WHAT TO DO: Provide an exact copy of the data, excluding the images.

COLLECTED DATA:
◆ ◆ ◆ ◆
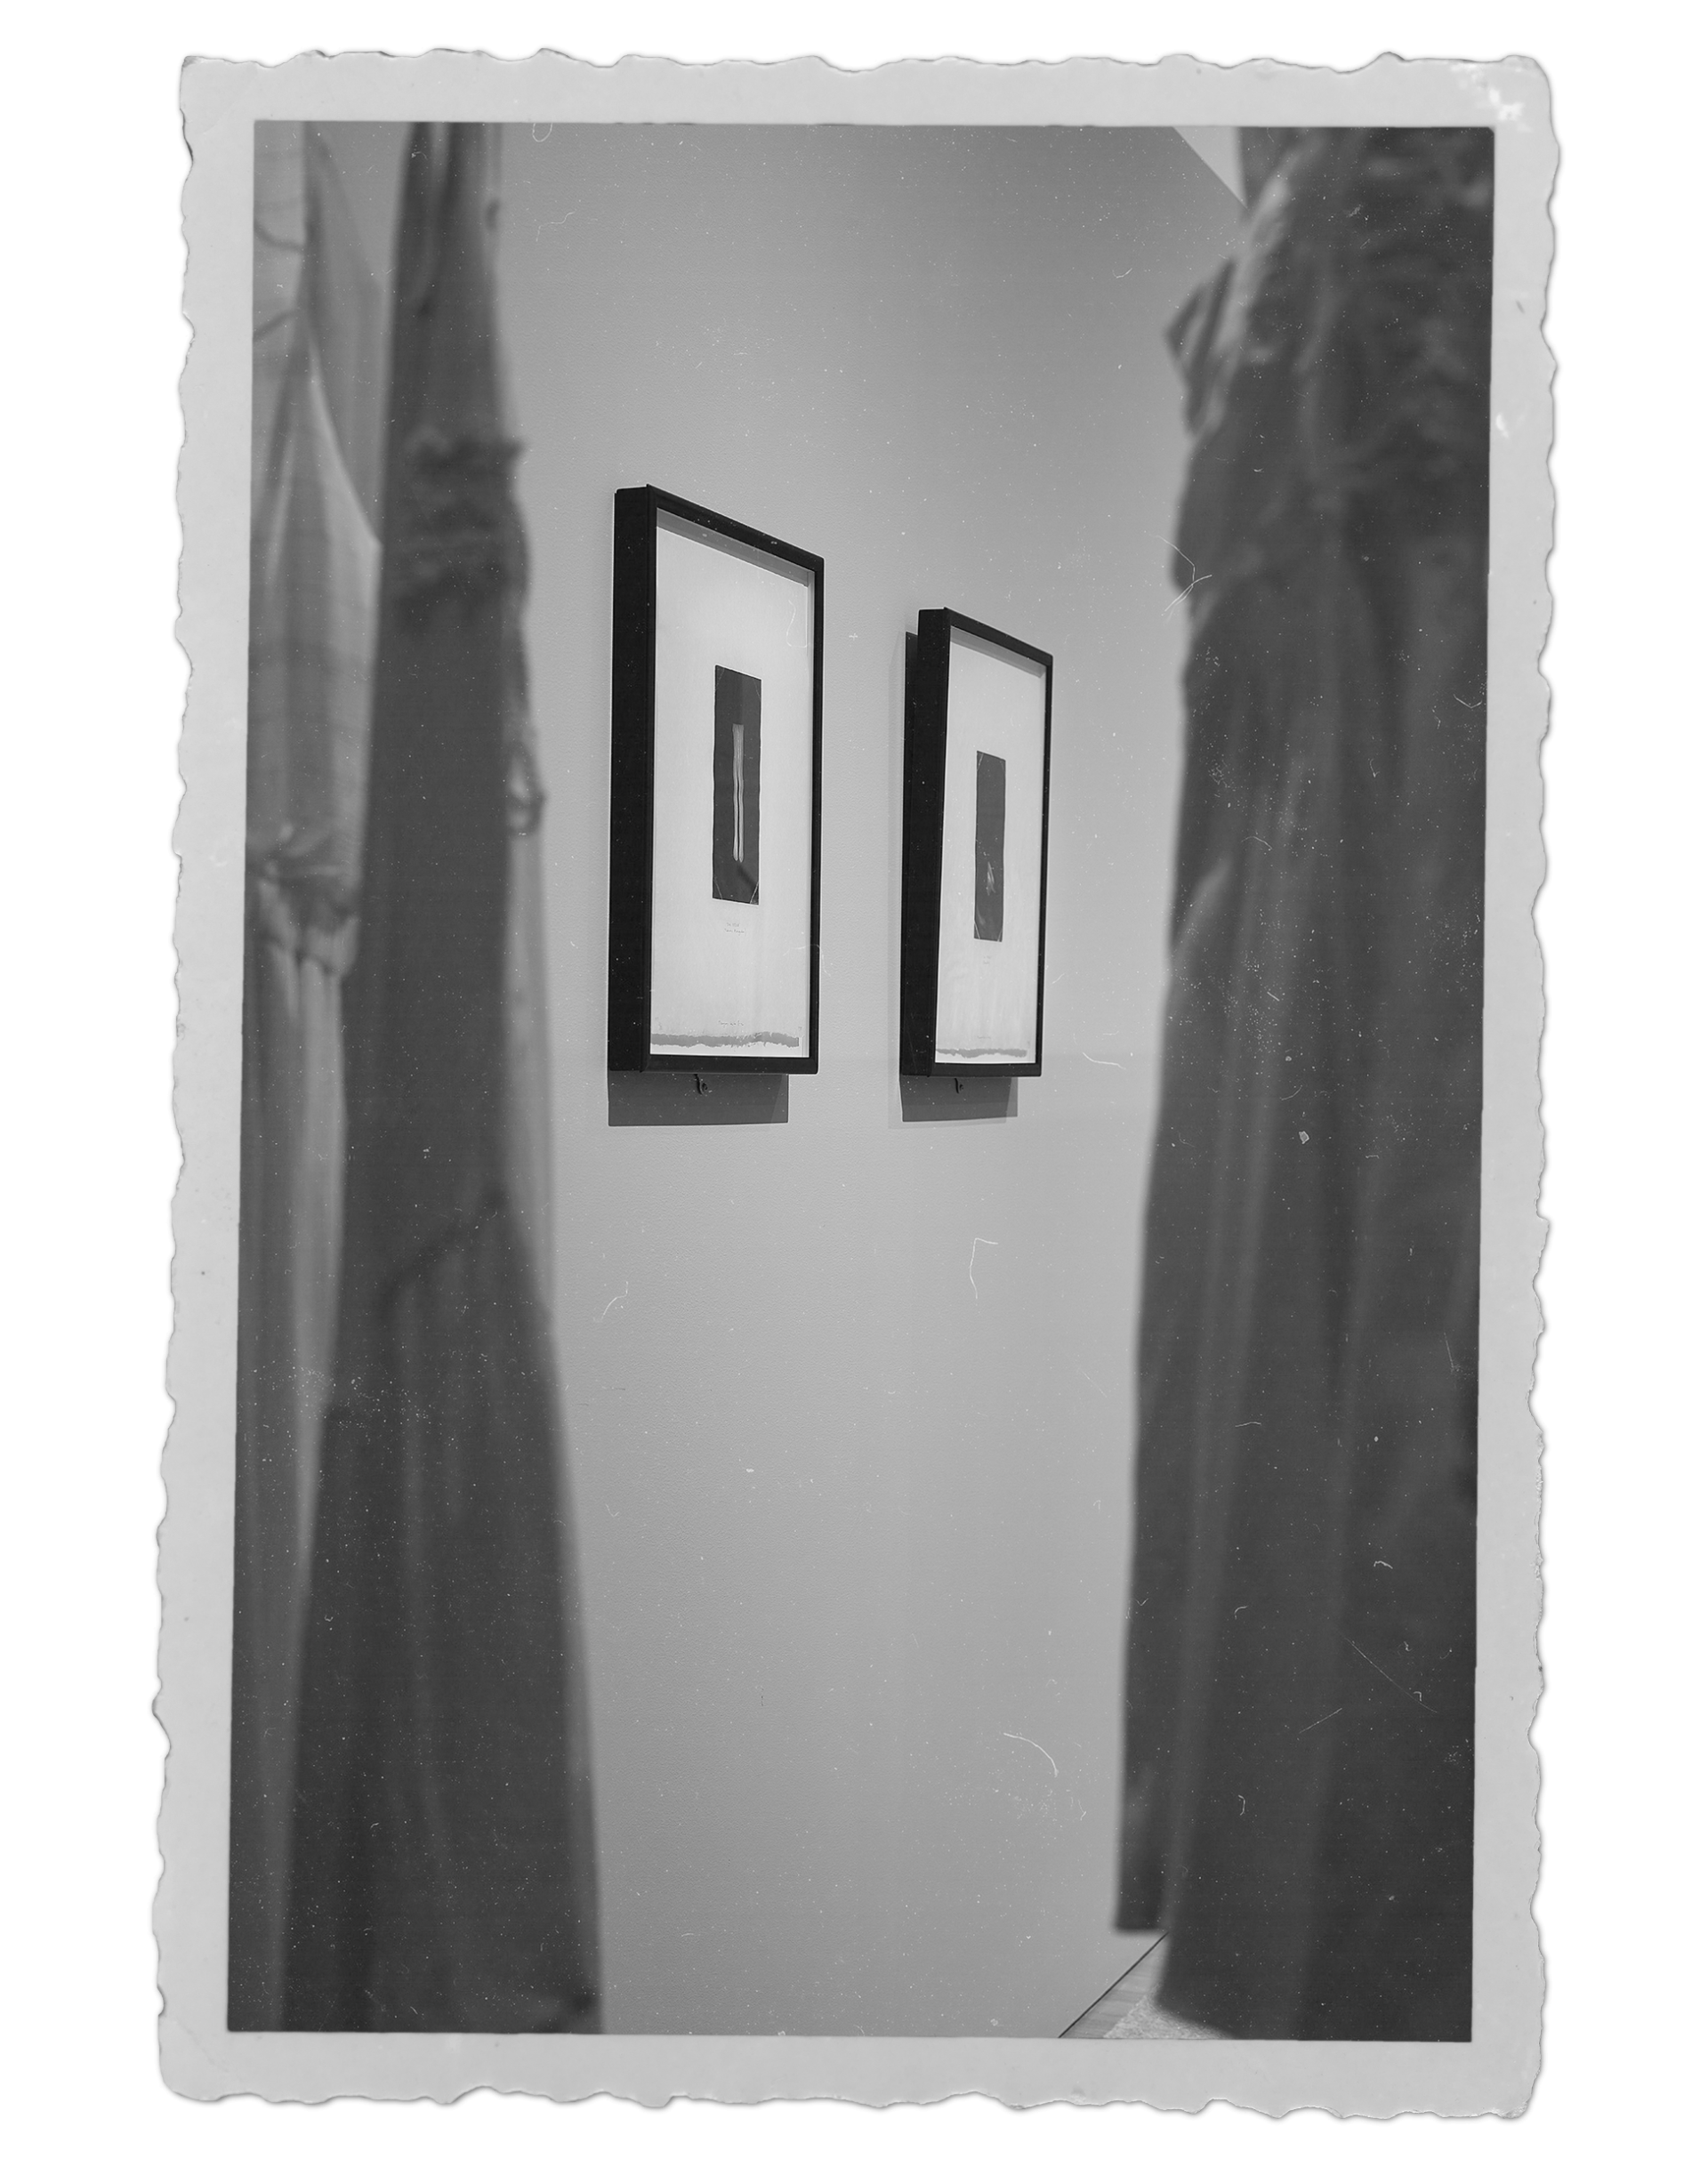 "Old" photograph of two prints by Milagros de la Torre, viewed through hanging white dresses
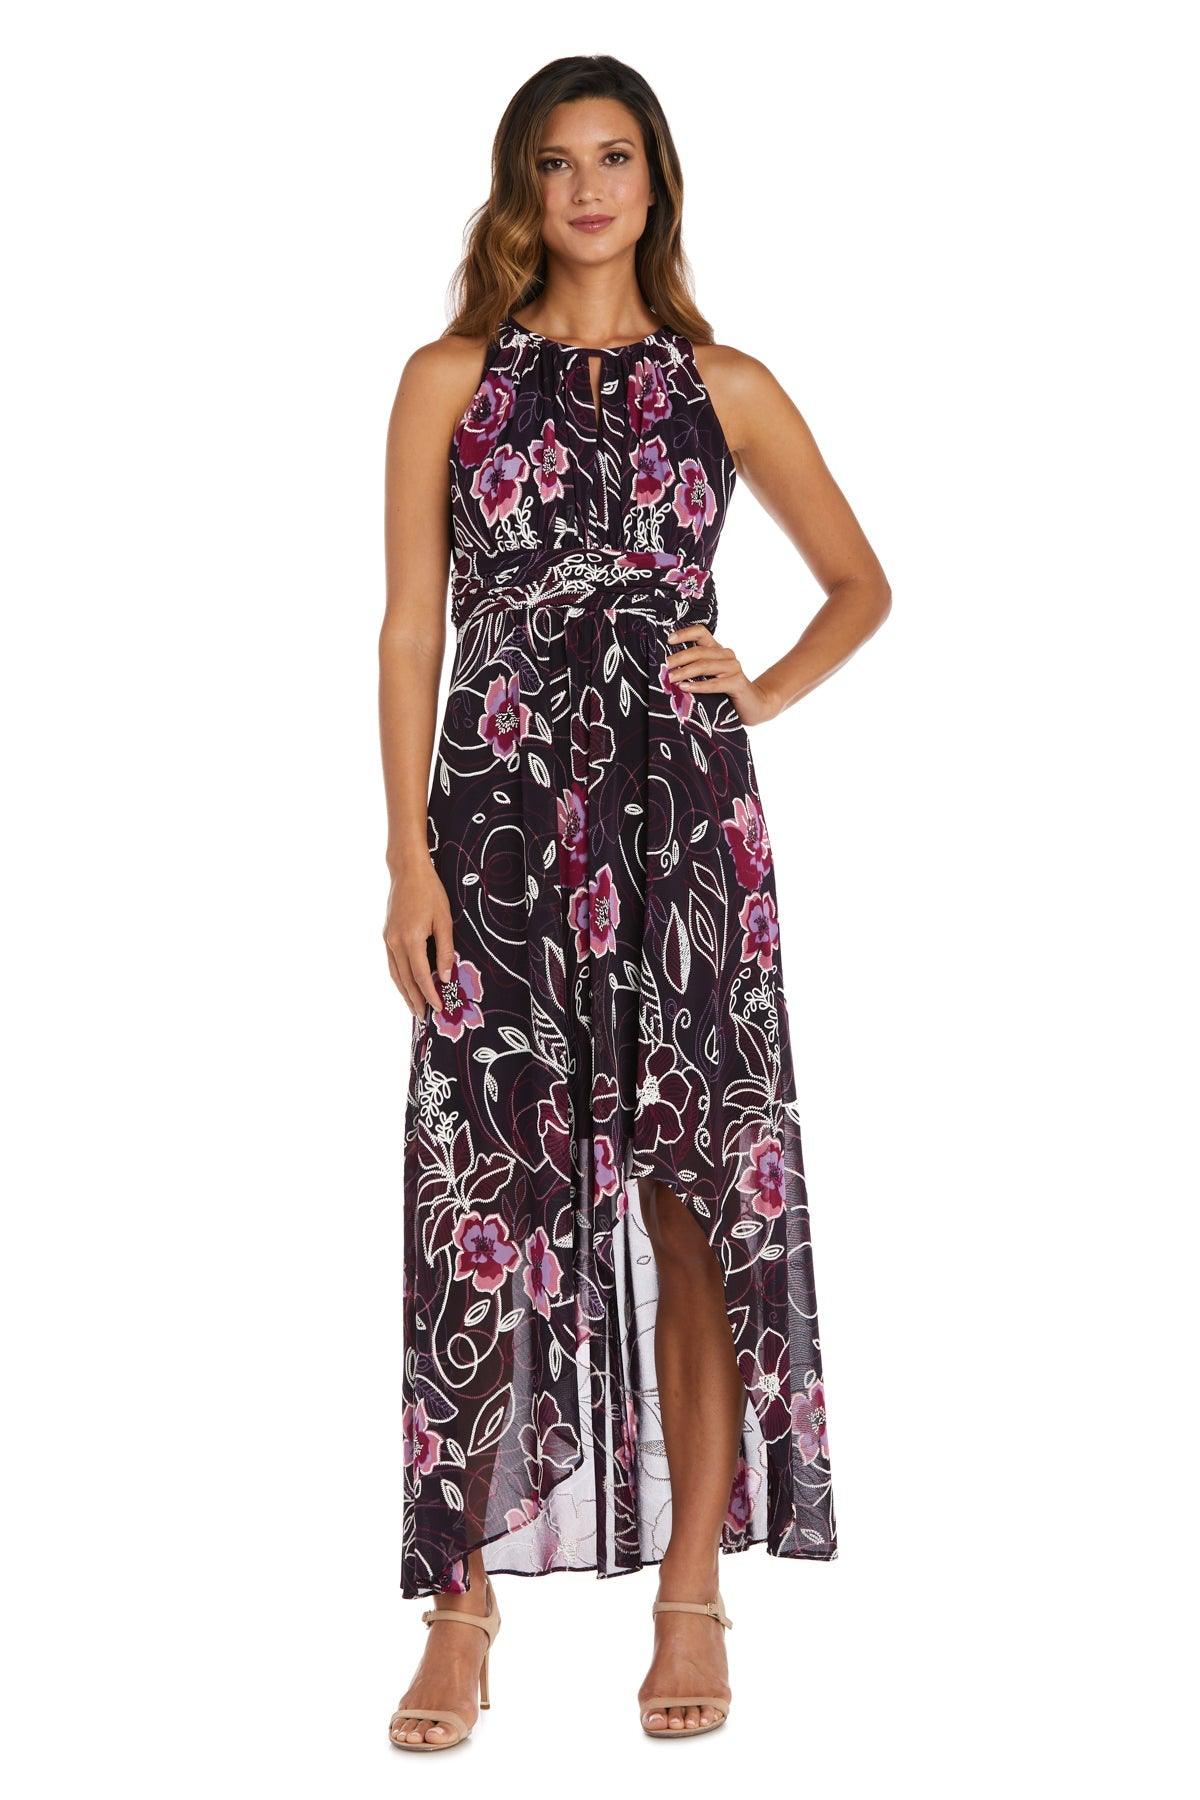 R&M Richards High Low Formal Petite Print Gown 7958P - The Dress Outlet
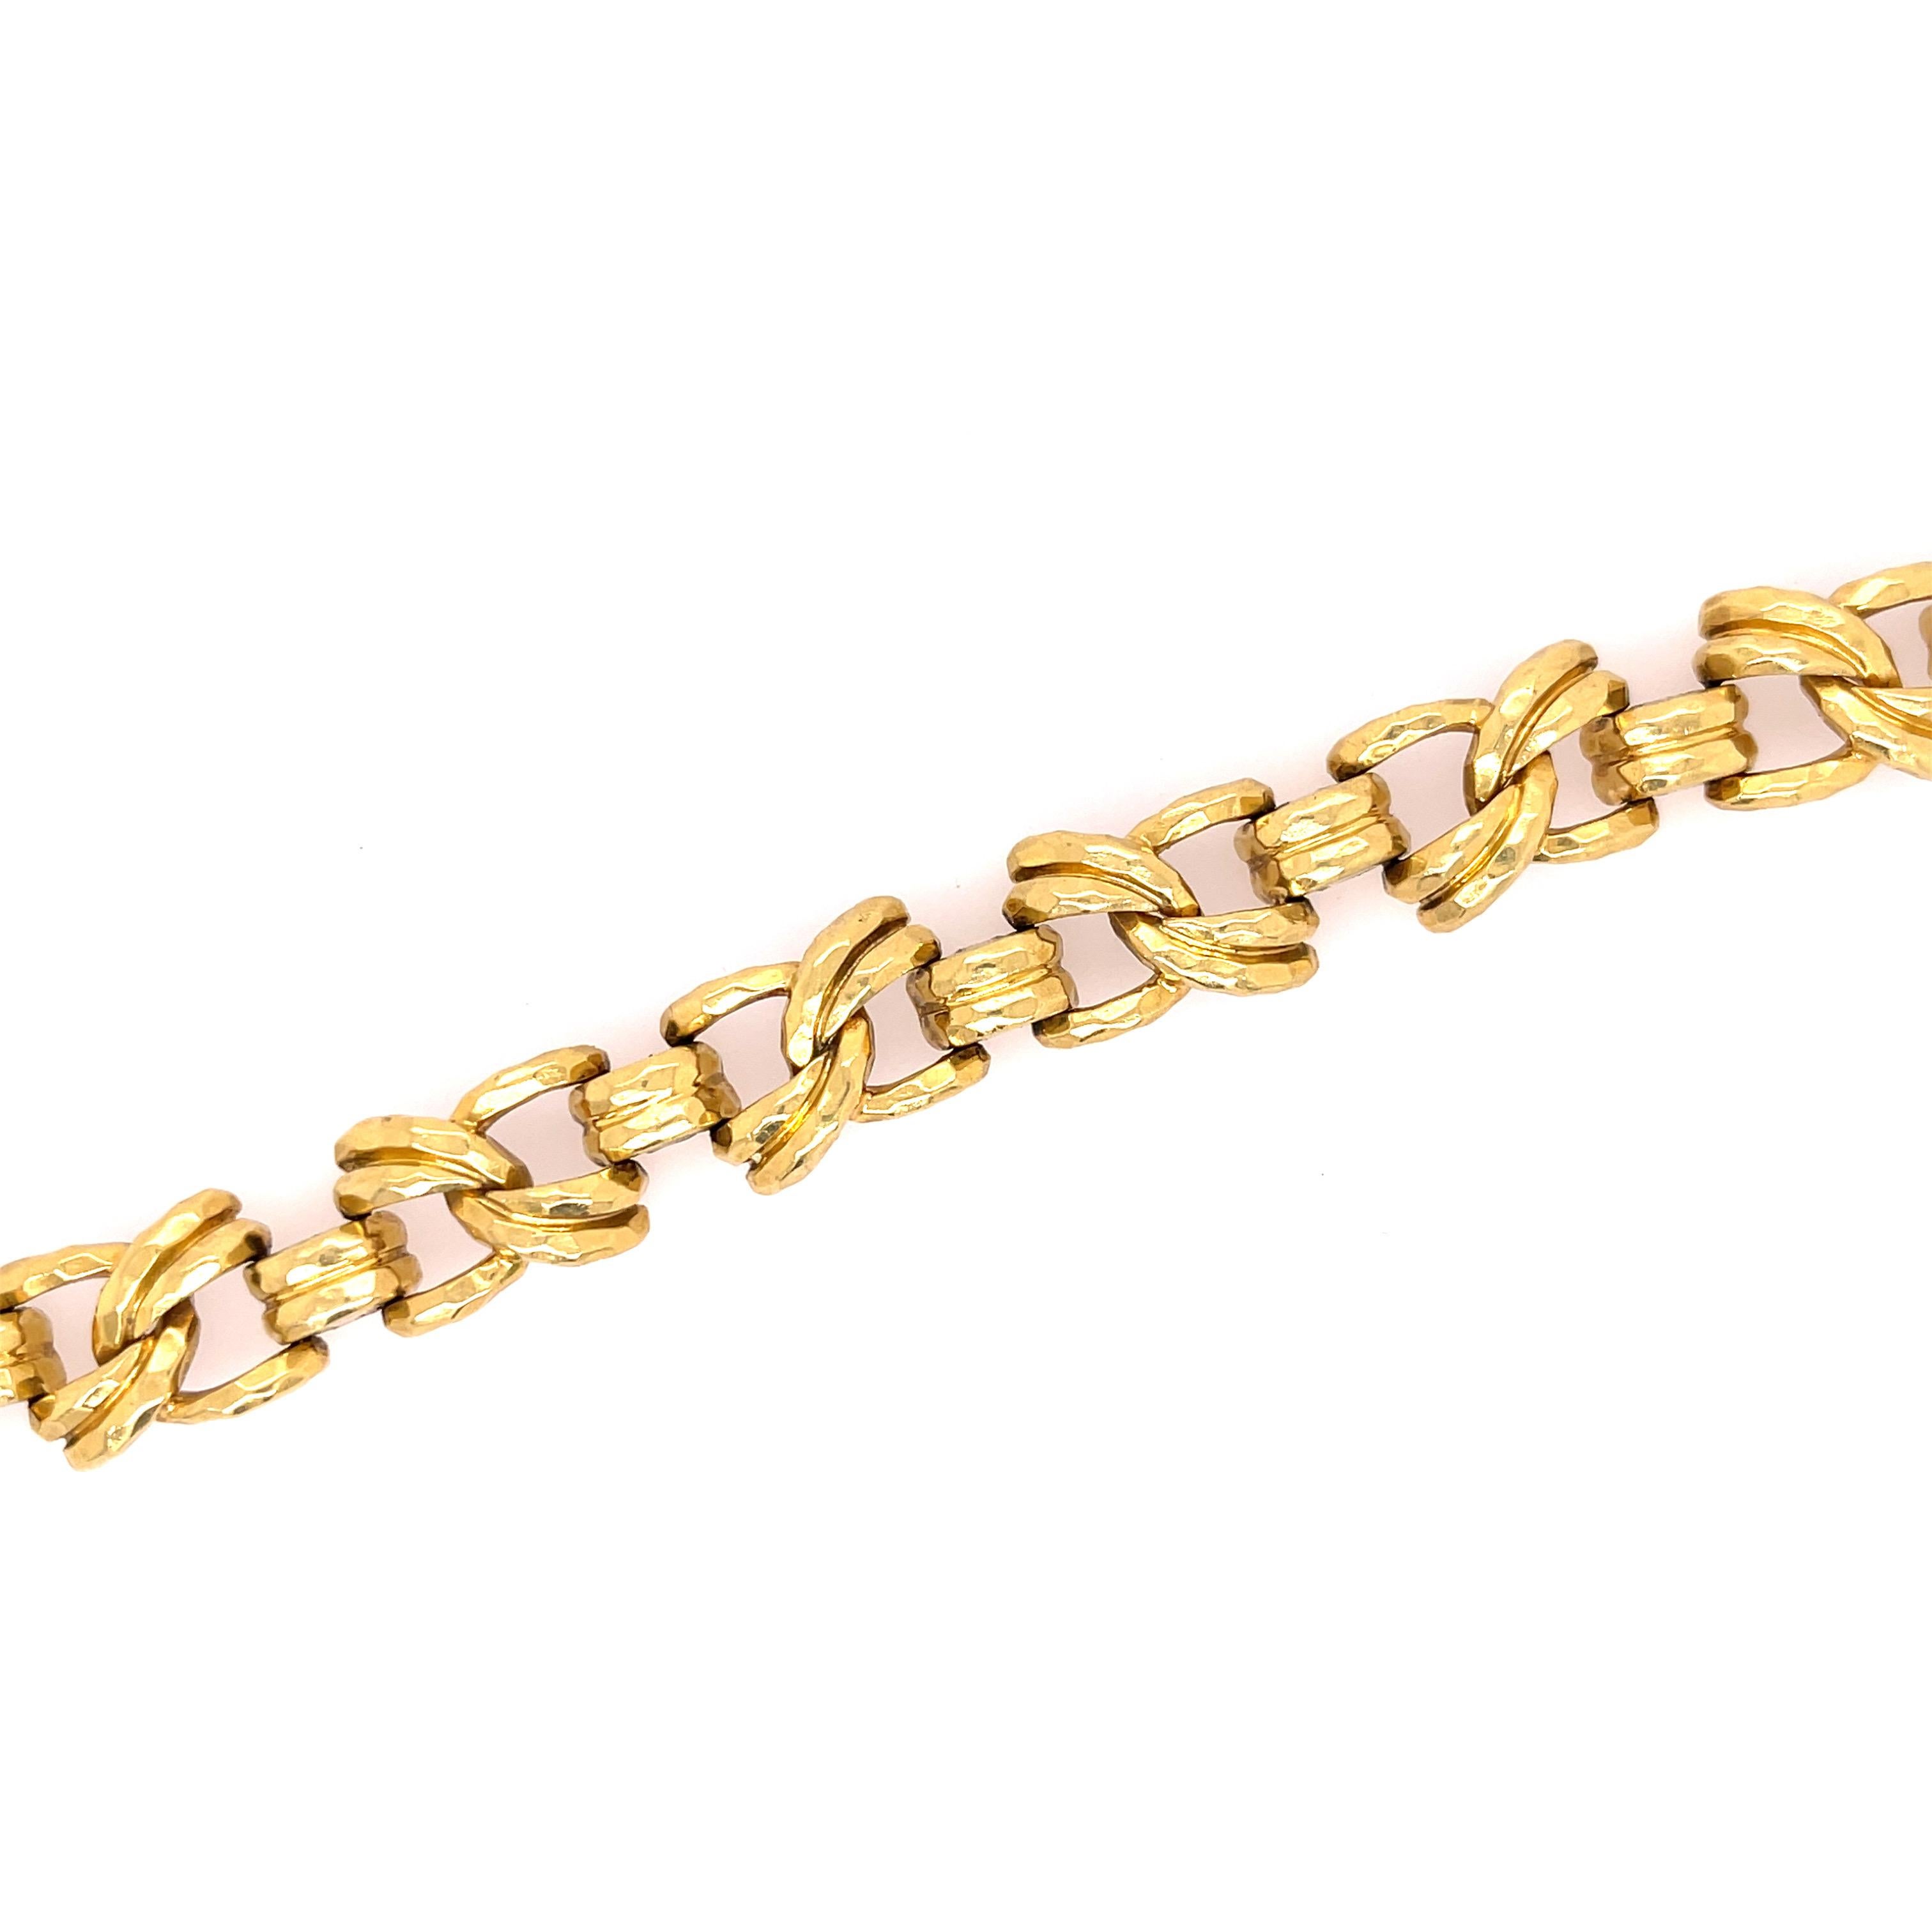 Henry Dunay Faceted Link Bracelet in 18K Yellow Gold. The bracelet is 7.5 inches in length and 11.30mm in width.
◆ ◆ ◆ ◆
SOLVED PROBLEM:
 "Old" photograph of two prints by Milagros de la Torre, viewed through hanging white dresses
 R&M Richards High Low Formal Petite Print Gown 7958P - The Dress Outlet
 Henry Dunay Faceted Link Bracelet in 18K Yellow Gold. The bracelet is 7.5 inches in length and 11.30mm in width.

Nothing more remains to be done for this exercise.